Given information -
━━━━━━━━━━━━━━━━━━━━━━━━━━━━━━

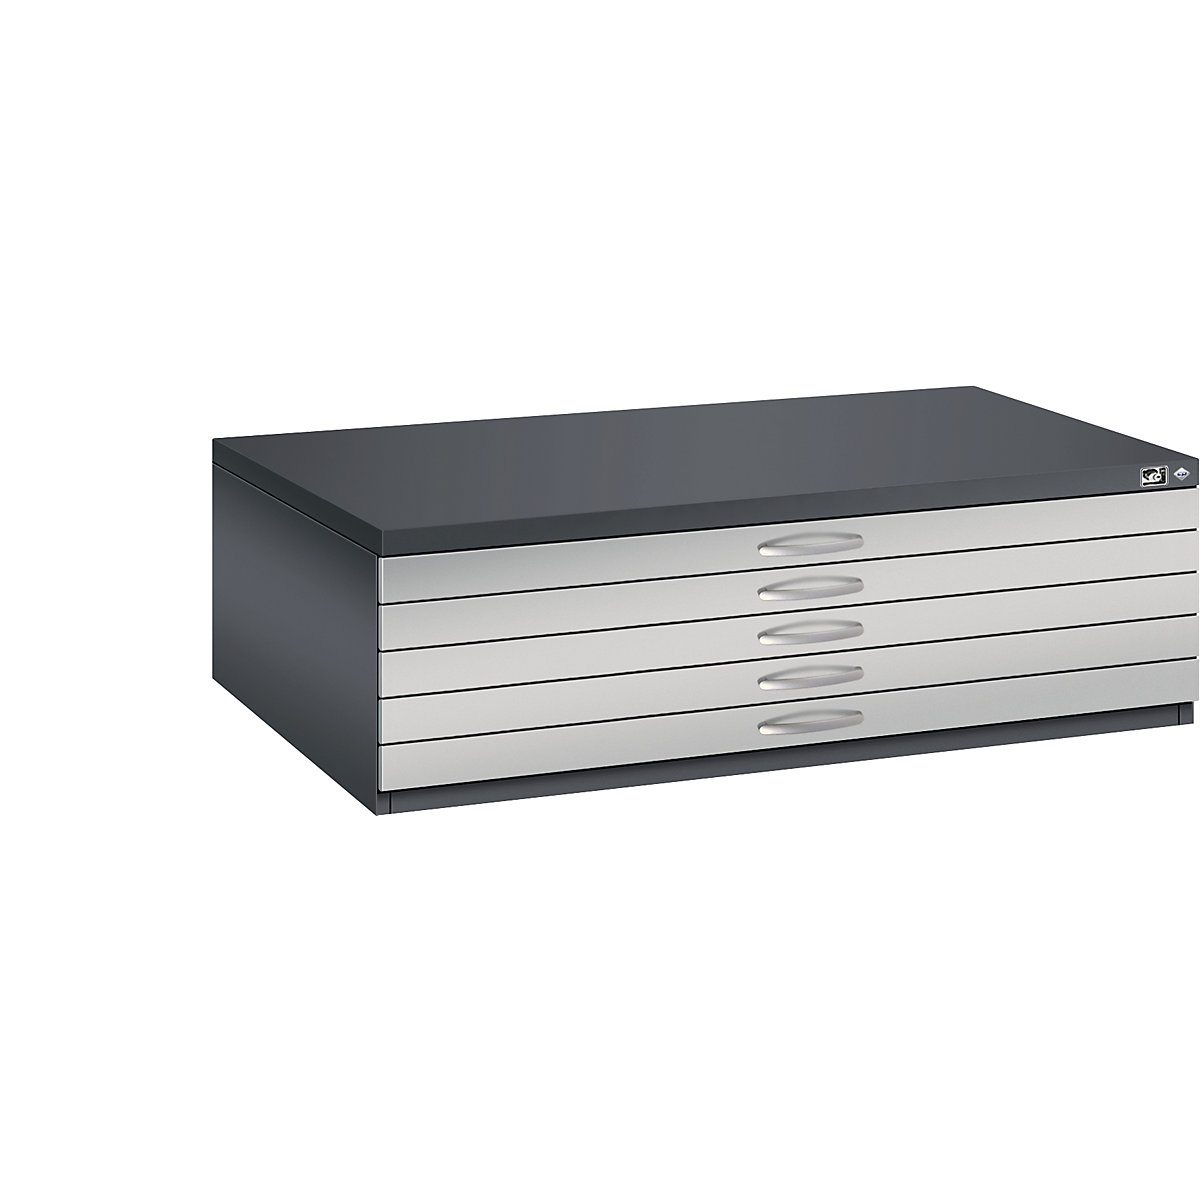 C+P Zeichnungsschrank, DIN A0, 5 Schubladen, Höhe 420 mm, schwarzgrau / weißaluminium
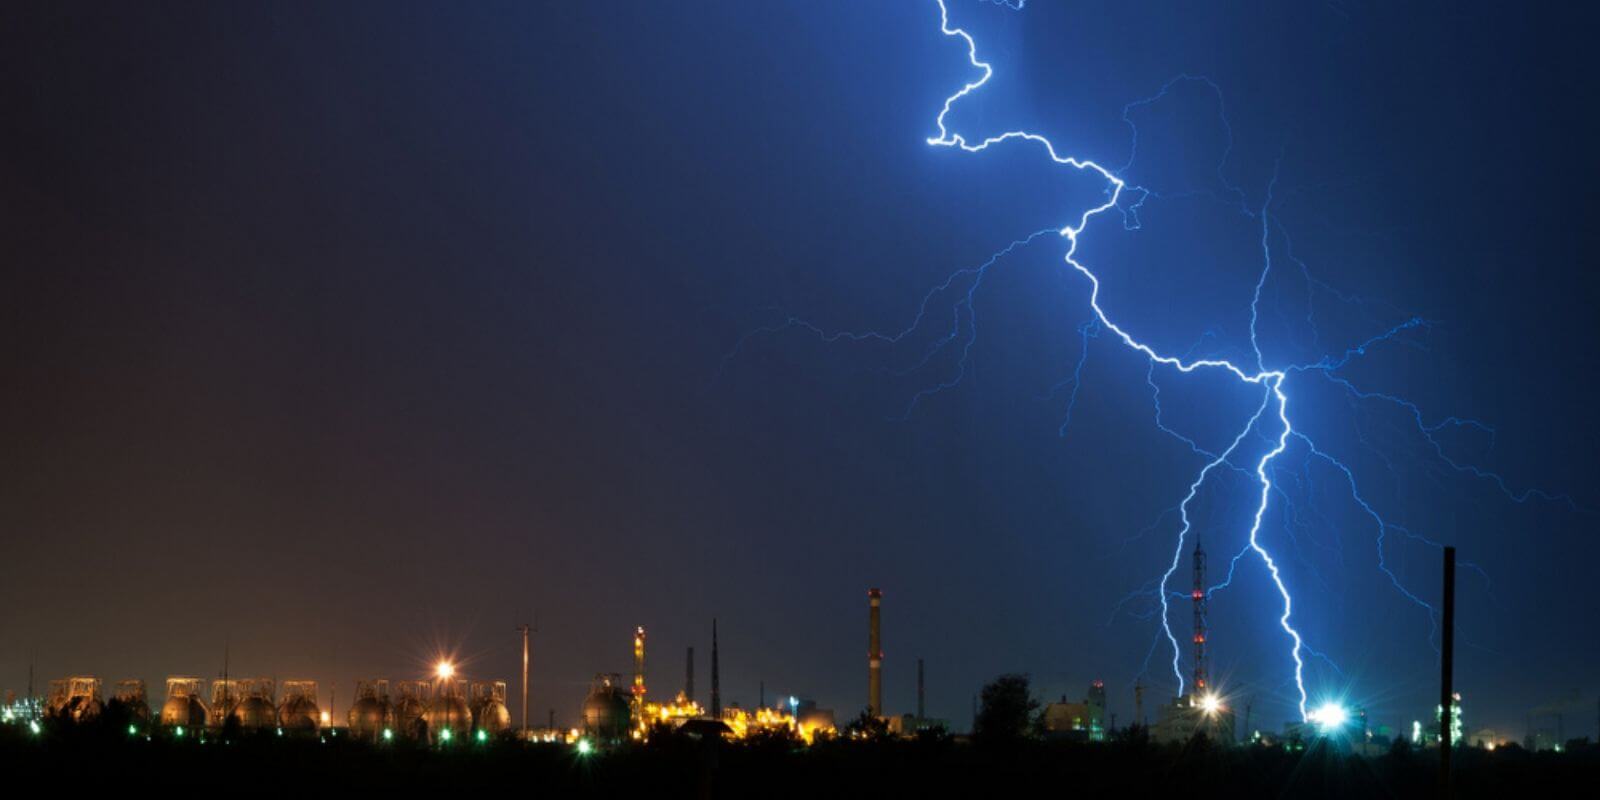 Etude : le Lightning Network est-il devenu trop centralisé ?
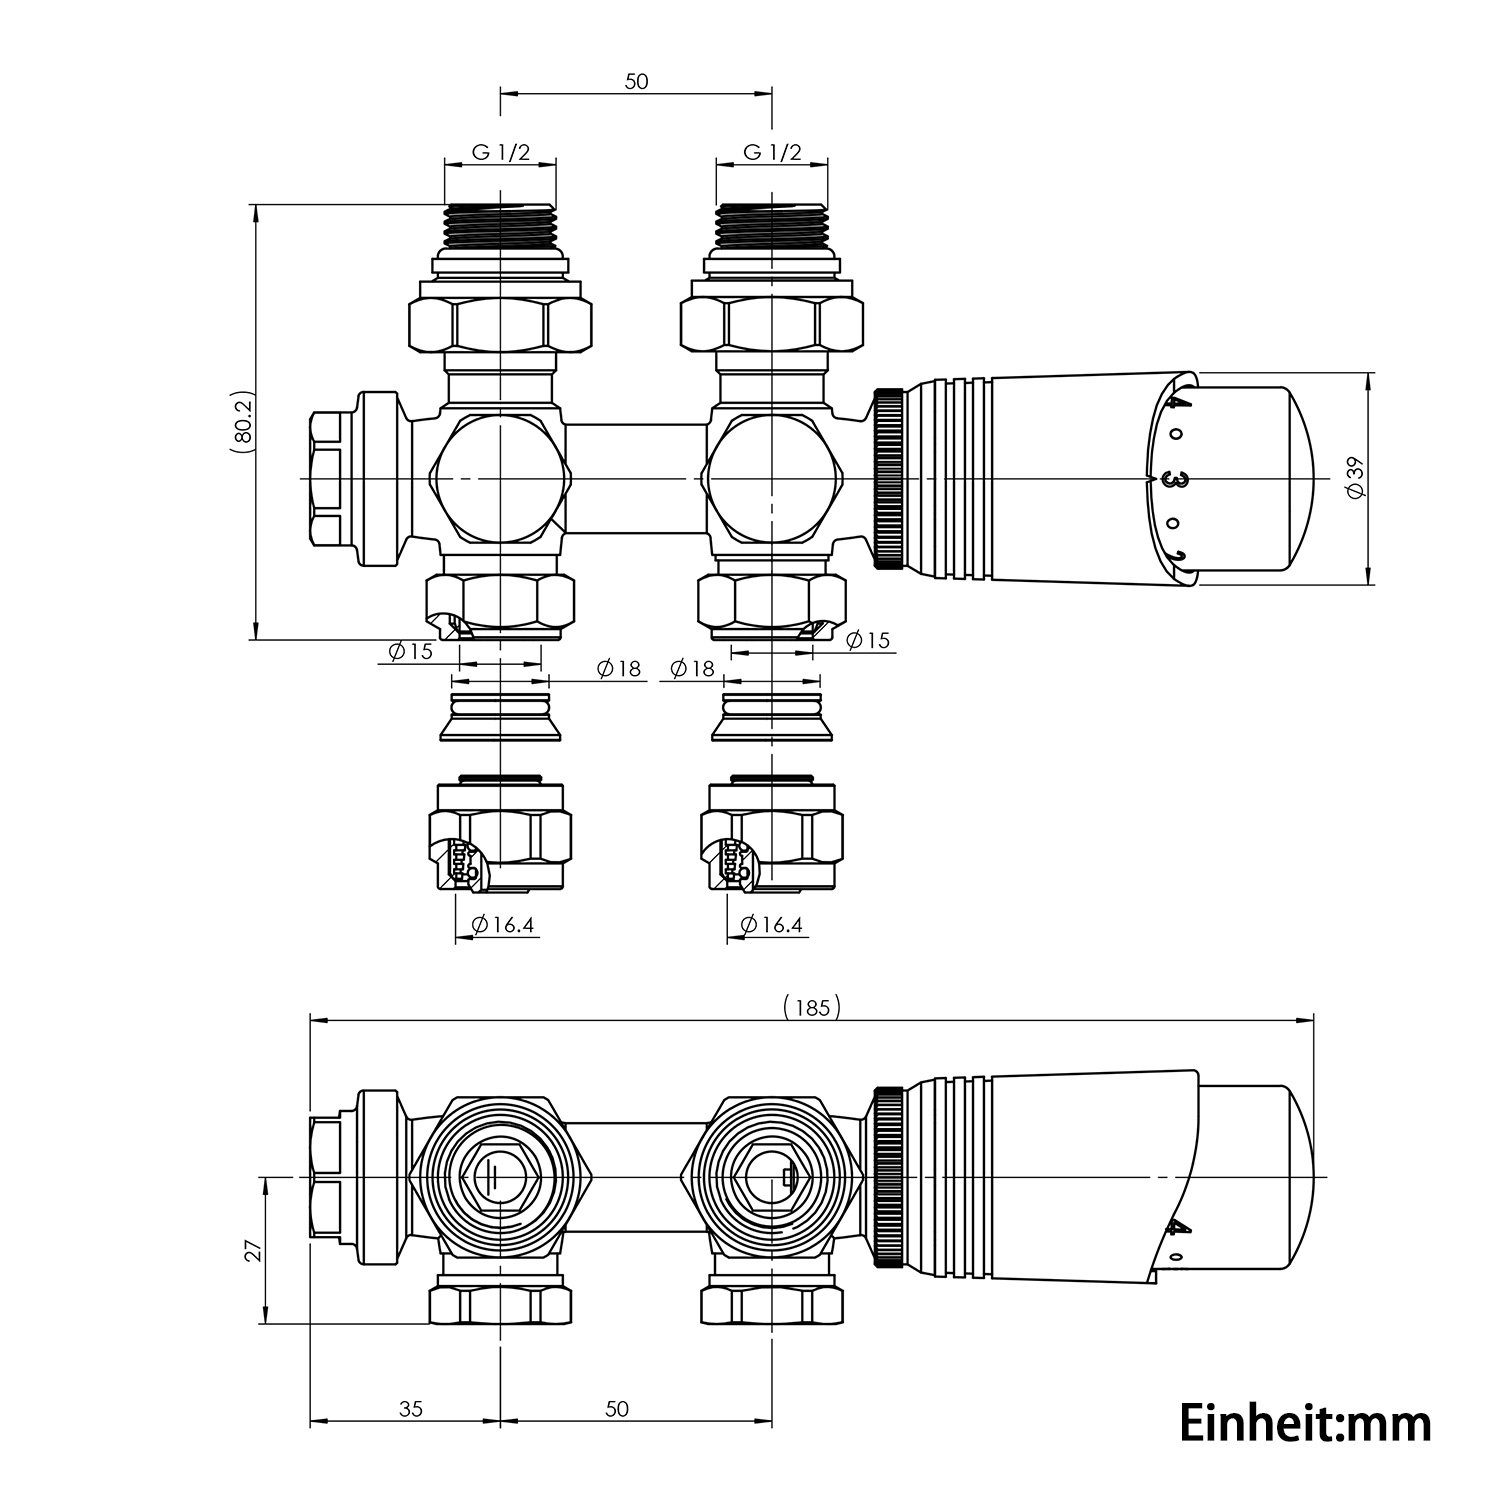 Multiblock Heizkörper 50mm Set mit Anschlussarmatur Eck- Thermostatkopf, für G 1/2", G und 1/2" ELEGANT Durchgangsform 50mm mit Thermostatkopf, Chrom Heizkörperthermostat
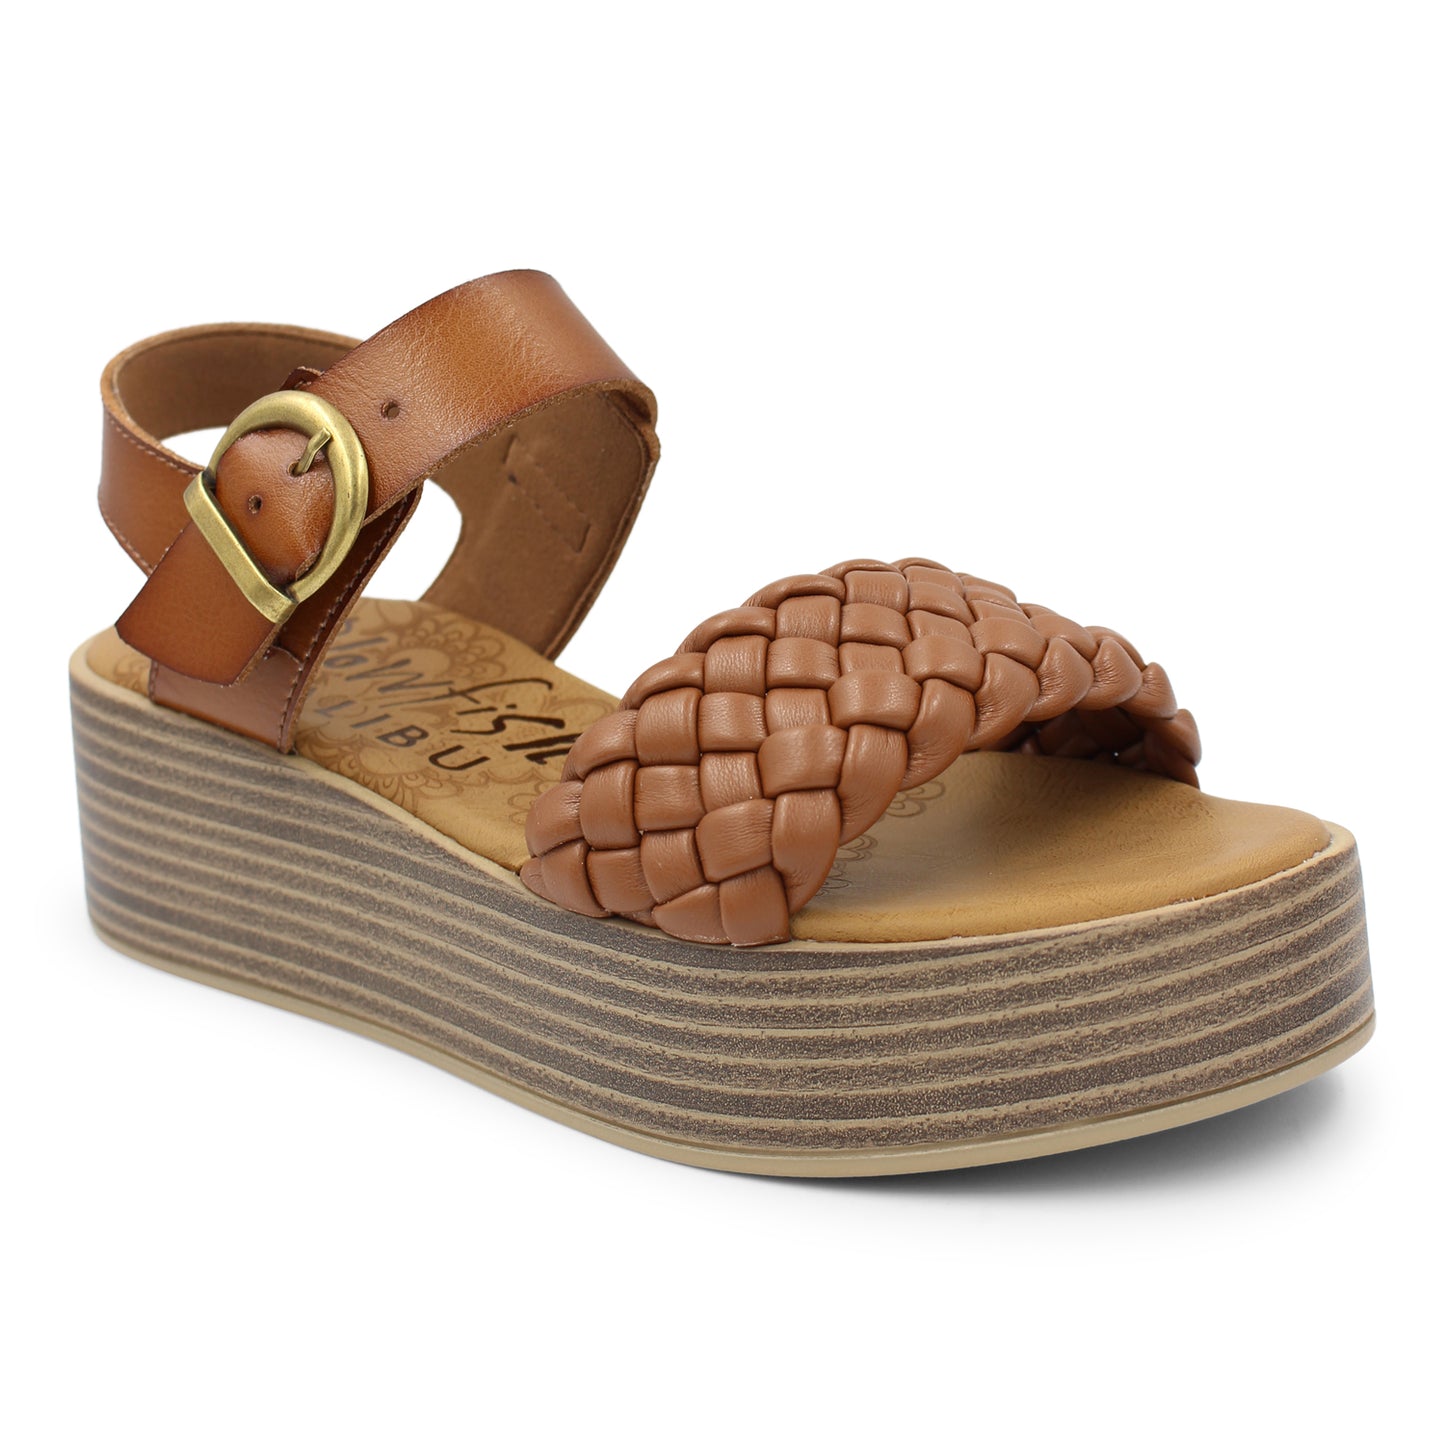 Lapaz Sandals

━━━━━━━━━━━━━━━━━━━━━━━━━━━━━━

Task description -
Restate word for word the lines starting at the one that contains "Etude : le Lightning" and ending at the last line of the data. Skip every picture.

Answer area -
 Etude : le Lightning Network est-il devenu trop centralisé ?
 Multiblock Heizkörper 50mm Set mit Anschlussarmatur Eck- Thermostatkopf, für G 1/2", G und 1/2" ELEGANT Durchgangsform 50mm mit Thermostatkopf, Chrom Heizkörperthermostat
 Lapaz Sandals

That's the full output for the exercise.